Funding

UKRI Biotechnology and Biological Sciences Research Council

Lead academics

James Gilbert
Beth Nicholls
Jeremy Niven

Partner institution

University of Sussex

Project summary

The challenge

We need to understand how climate change affects the nutritional health of wild bees and their pollination preferences, which are crucial for food security.

The approach

Our project measures and models how nutrition and temperature affect two key UK pollinators. We will be studying their growth, metabolism, and survival.

The impact

We will model how bumblebees and mason bees cope with climate heating and predict shifts in their flower preferences.

The Challenge

Our BBSRC-funded project is investigating the nutritional health of wild bees in a changing climate.  

Animals’ dietary needs and preferences may change in a warmer world. Animals select from a range of foods to get the nutrient balance they need. But warmer temperatures may change this ideal balance.  

We are investigating how this problem may affect bees, which are responsible for pollinating many of our crops. Crops provide bees with pollen that is very nutritionally different, and bees need to select a mix that is right for the conditions. The climate is heating up, so the crops bees choose to visit today may not be the same tomorrow.  

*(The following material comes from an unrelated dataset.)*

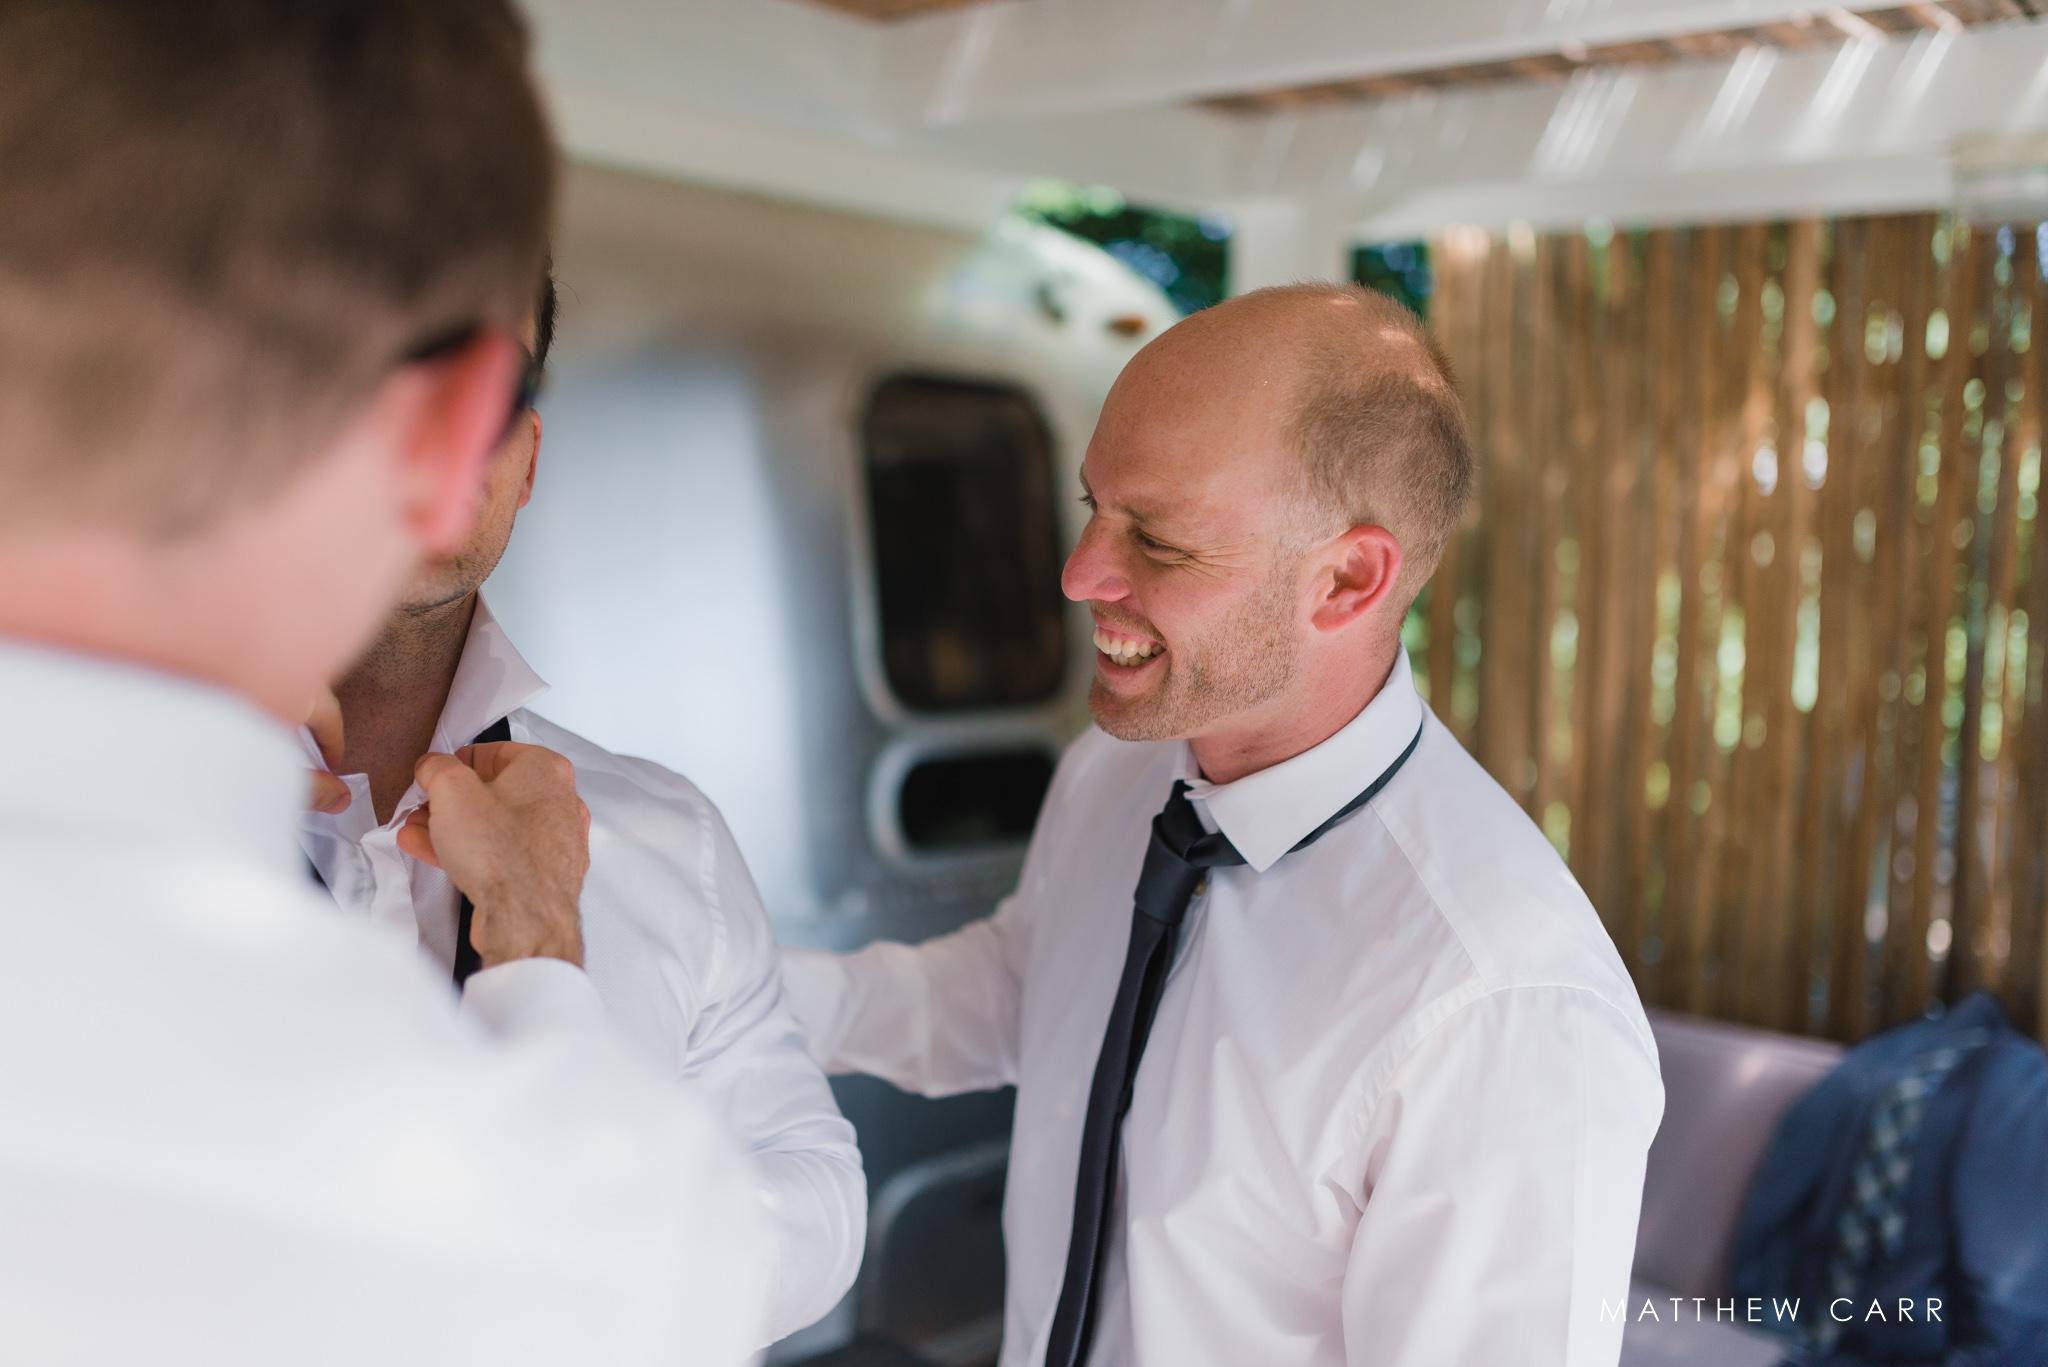 wedding prep - low res (viewing, social media) (123 of 276).JPG

We need to understand how changing climates will affect bee preferences and pollination patterns – unfortunately we still have limited understanding of bees’ dietary requirements, even in today’s climate. 

Nests in the field lab

The Approach

We are looking at two UK bee species with different lifestyles.

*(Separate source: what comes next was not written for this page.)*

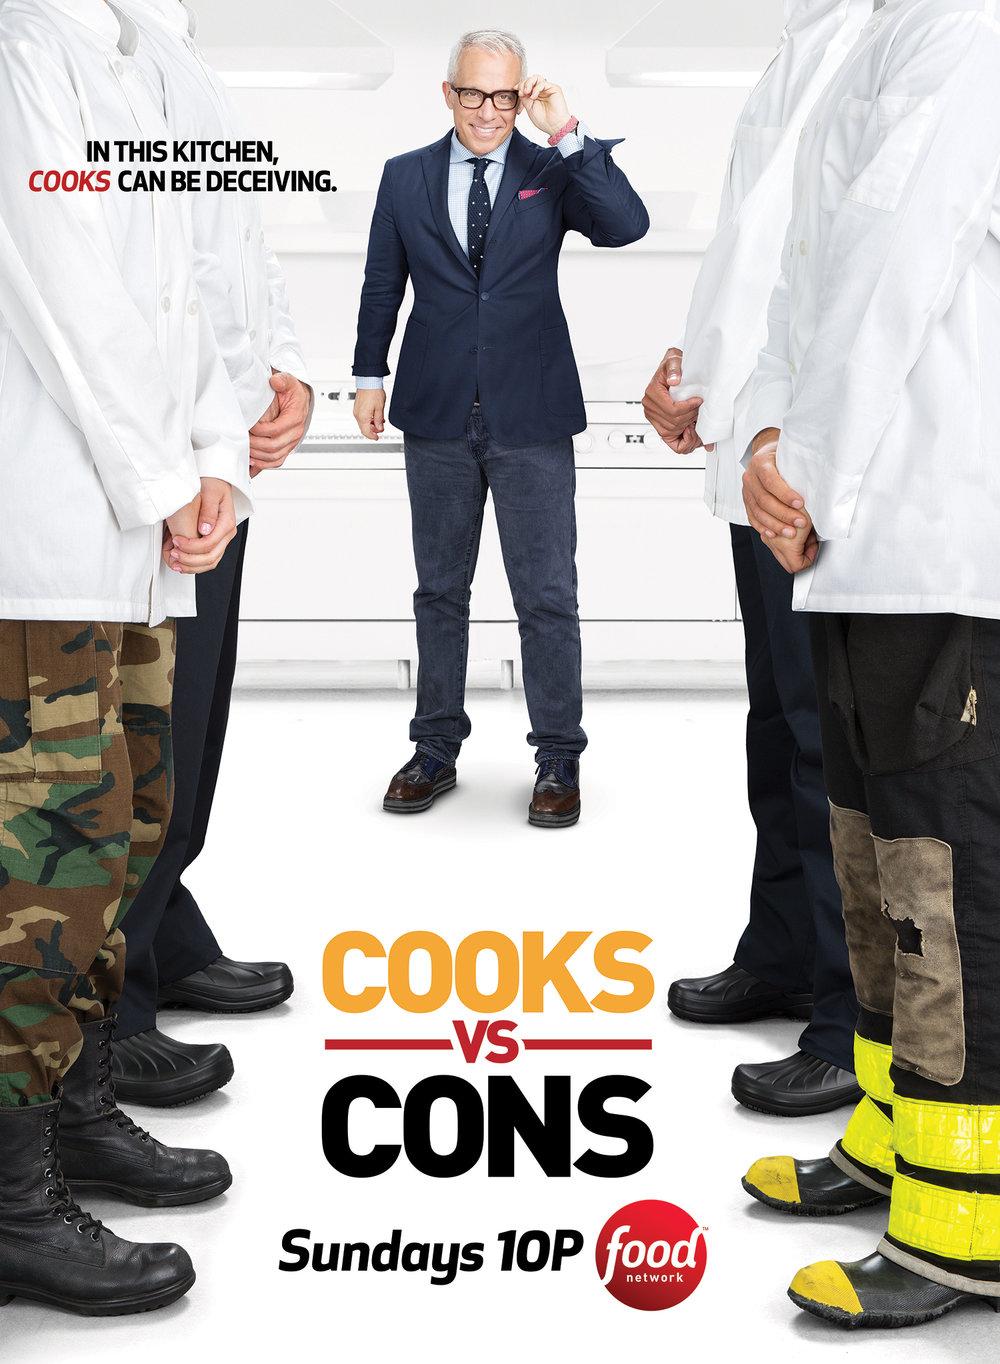 Food_Network_Cooks_vs_Cons_CVC_Hollowtree_30x22feet_HR-photo-(1).jpg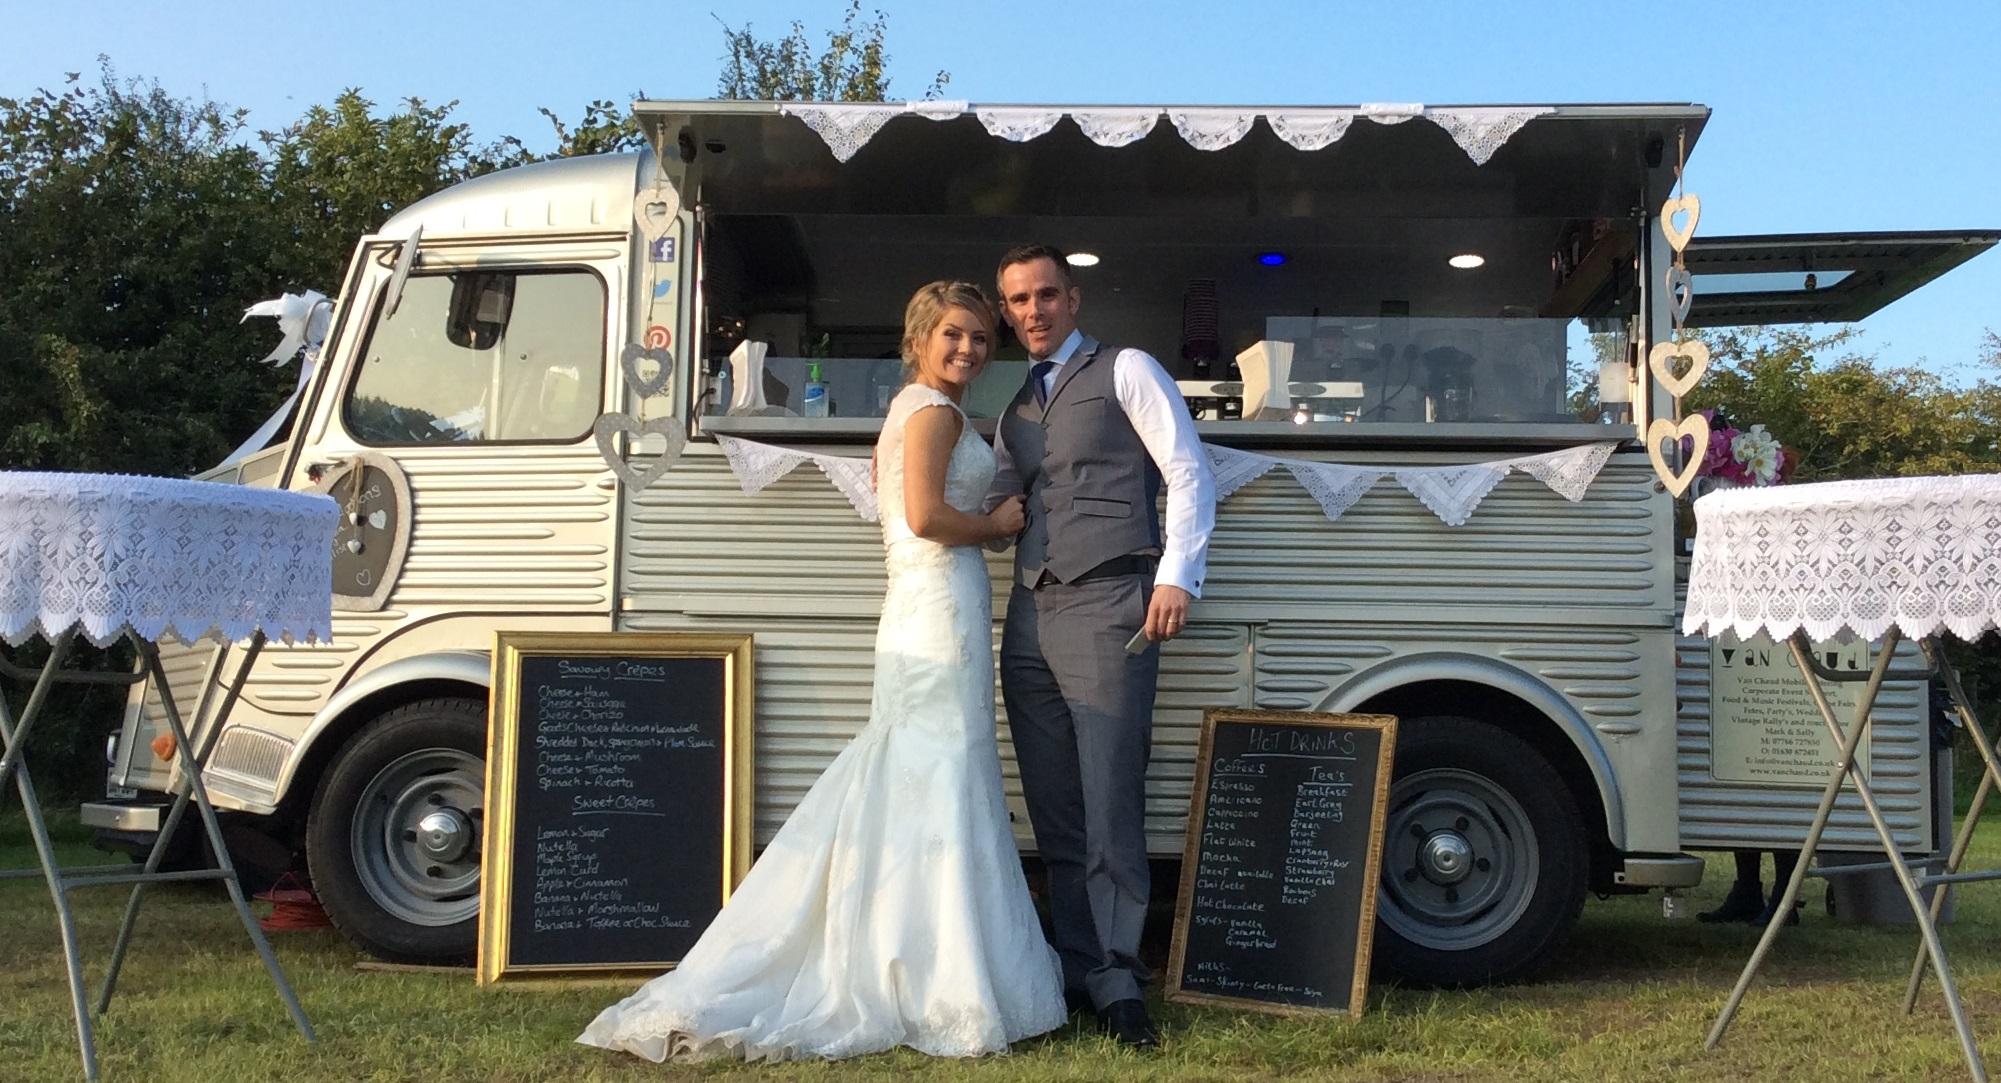 Van Chaud at Hafod Farm Weddings in Snowdonia

  • Bombus terrestrisBumblebees
  • Osmia bicornisRed mason bees

Bumblebees pollinate soft fruit, beans and tomatoes. They have workers that feed larvae until adulthood and keep the nest warm in winter and cool in summer.

Red mason bees pollinate apples and other fruit. Mother bees work alone, provide larvae with a single pollen ball, and cannot control nest temperature. 

In both species we are gathering detailed data on how nutrition and temperature affect bee health, establishing the best diet at a range of temperatures. Then, we will test whether adults can maintain optimal diets for larvae when the temperature changes. 

Key findings from the discovery work

  • Bees, managed and wild, are important globally for their role in pollination, which is central to natural and agricultural ecosystems.
  • Unfortunately, bees are declining, partly due to poor nutrition. Despite this, we do not yet understand how bees deal with variable quality food in patchy modern landscapes.
  • We know particularly little about larval nutrition, where all growth occurs.

The Impact

Our work will fill a gap in our knowledge about how bees with different lifestyles cope with climate heating. With this knowledge, we can predict whether bees are likely to abandon particular crops in a hotter world, as they change their preferences, and design custom wildflower mixes to promote specific pollinators. 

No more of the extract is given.